Part 2: The Client's Perspective - Making the Connection

Now let's dive into the concrete client implementation in client/streamableHttp.ts.

The Client Handshake: Connection, Init, and Auth

A client's journey to a full connection is a precise dance:

The initialize POST: The first thing a client does is POST an initialize message. This is the formal handshake where the client tells the server who it is and what it can do.
The 202 Accepted Trigger: The server responds with an HTTP 202 Accepted. This is the signal! The client's send() method sees this and immediately knows it's time to open the second channel.
The Asynchronous GET: The client immediately calls _startOrAuthSse(), which fires off a long-lived GET request with an Accept: text/event-stream header. This is the client opening its ear for the server's PA system. If the server doesn't support this (and returns a 405 Method Not Allowed), the client gracefully carries on without it.
The Auth Flow: If at any point the server responds with 401 Unauthorized, the client's authProvider kicks in. It might try to refresh a token, or if it has no credentials, it will trigger redirectToAuthorization, sending the user off to log in. Once they return, the application calls finishAuth() to complete the OAuth2 flow and get the tokens needed to retry the connection.
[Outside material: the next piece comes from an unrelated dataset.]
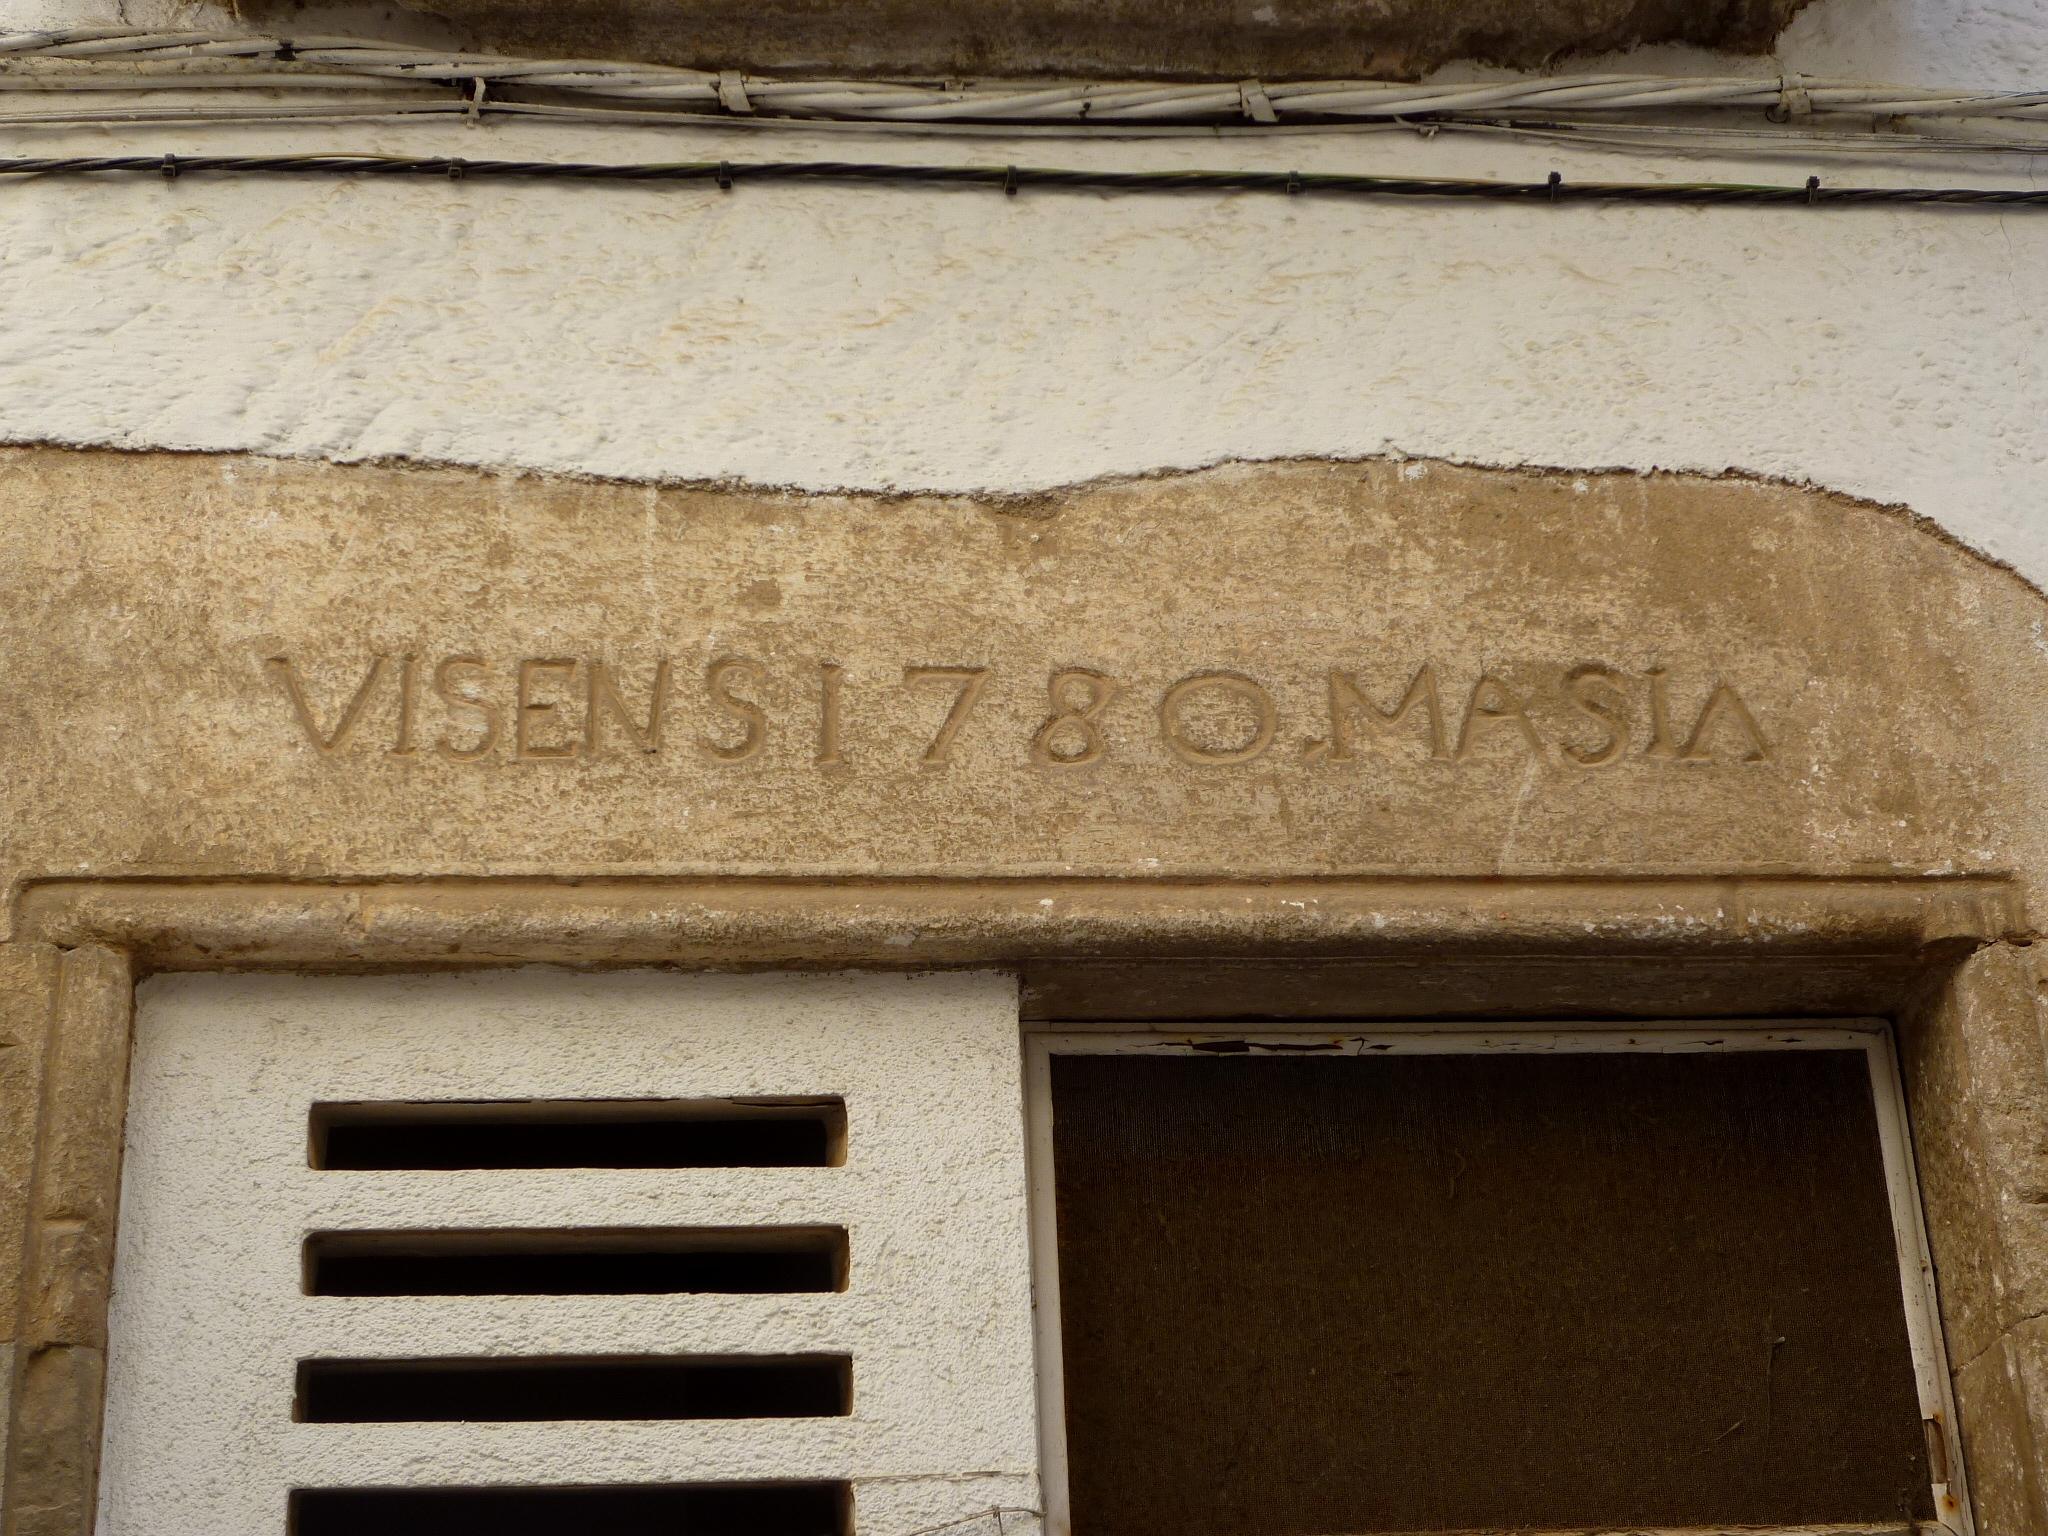 FileCASA VICENS MACI  TOSSA  IB147JPG  Wikimedia
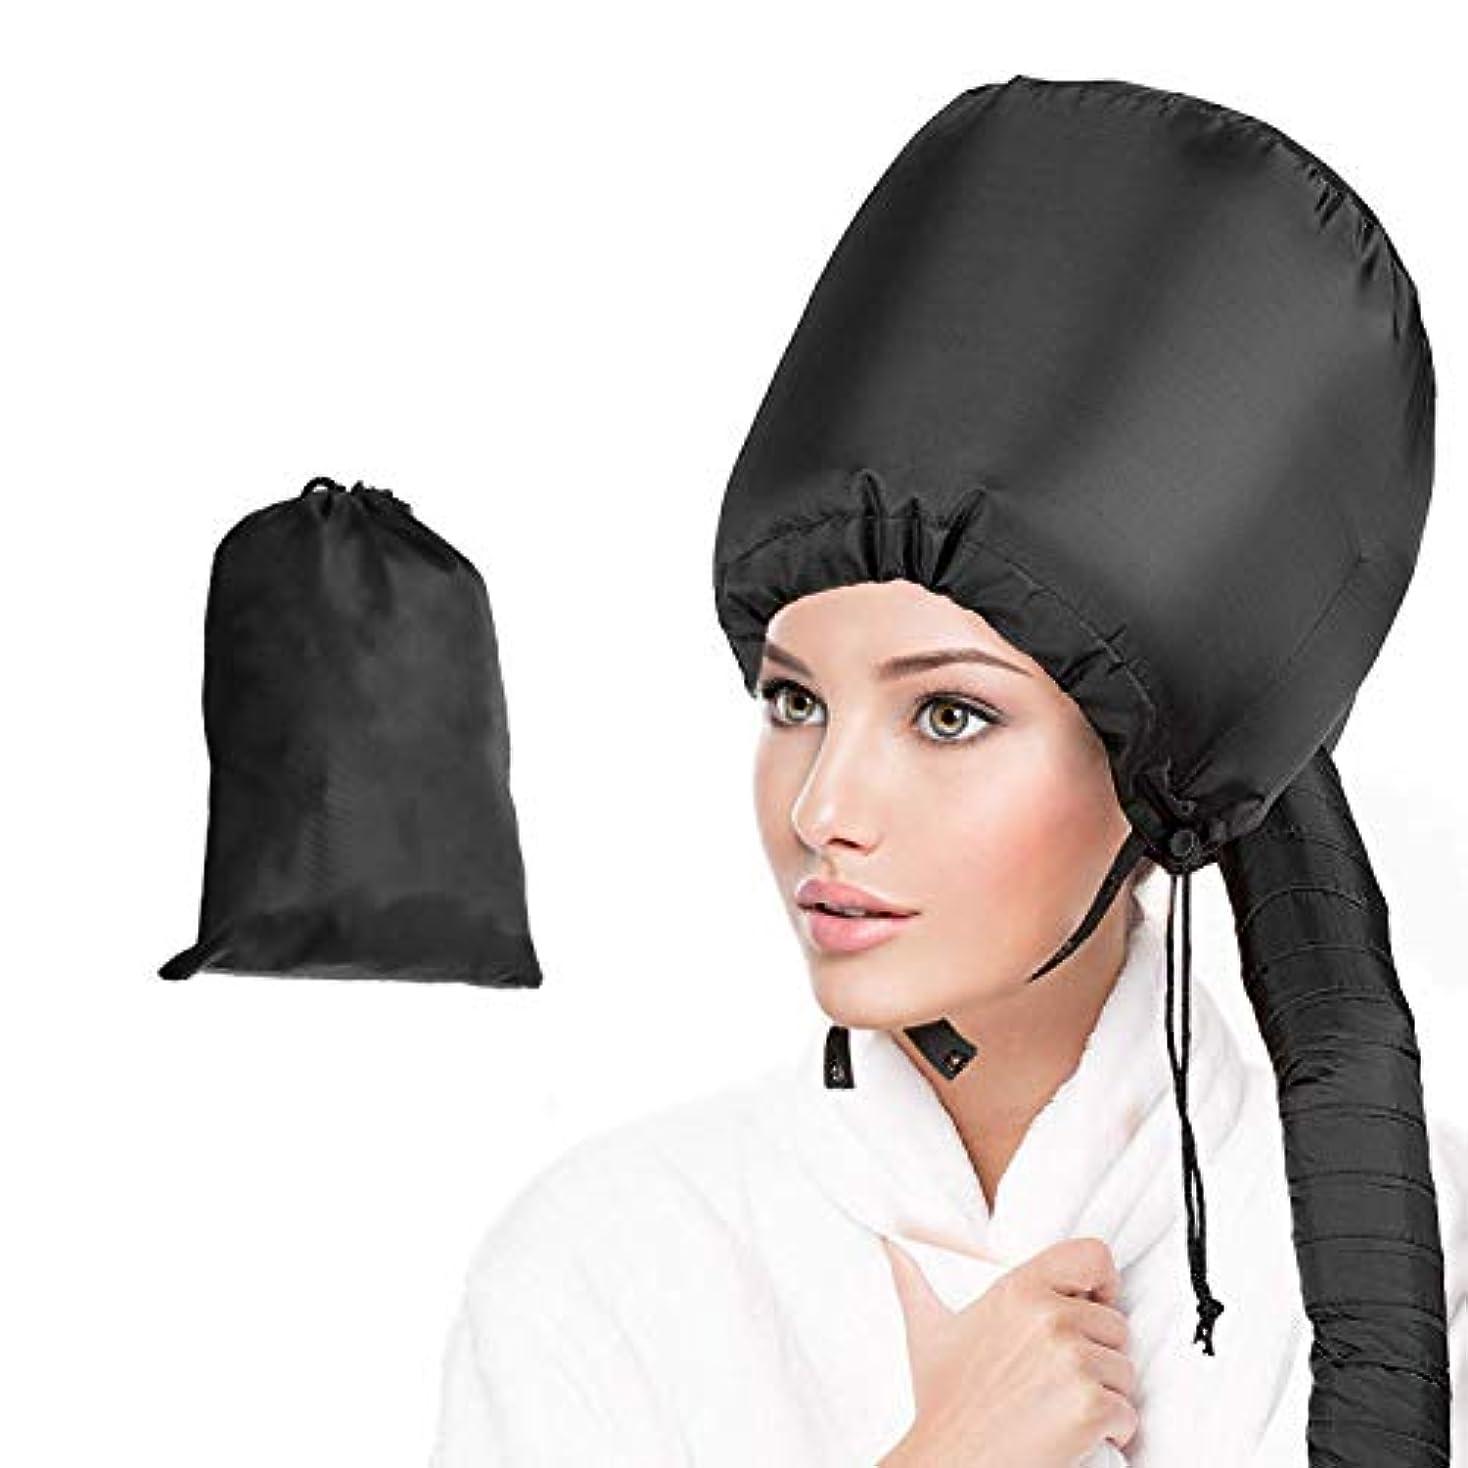 キュービックカリキュラム頂点Weanas ヘアドライヤーキャップ 髪干し帽子 髪ケア ホームサロン 携帯収納ケース付き

The Client's Gateway: A Forensic Look at the `send()` Method

Every single message the client sends goes through the send() method via POST. The true genius of the client is how it interprets the response to this POST.

If status is 202 Accepted: This is the "message received, thanks" signal. If the message was initialize, this is the cue to start the SSE GET stream, as we saw above.
If status is 200 OK and Content-Type is application/json: This is a simple, synchronous-style response. The client parses the JSON and is done with this transaction.
If status is 200 OK and Content-Type is text/event-stream: This is where it gets really cool. The POST request's response itself is a stream. The client pipes this stream into _handleSseStream to process the progress updates and final result for that specific request.

This logic is the heart of the client's flexibility.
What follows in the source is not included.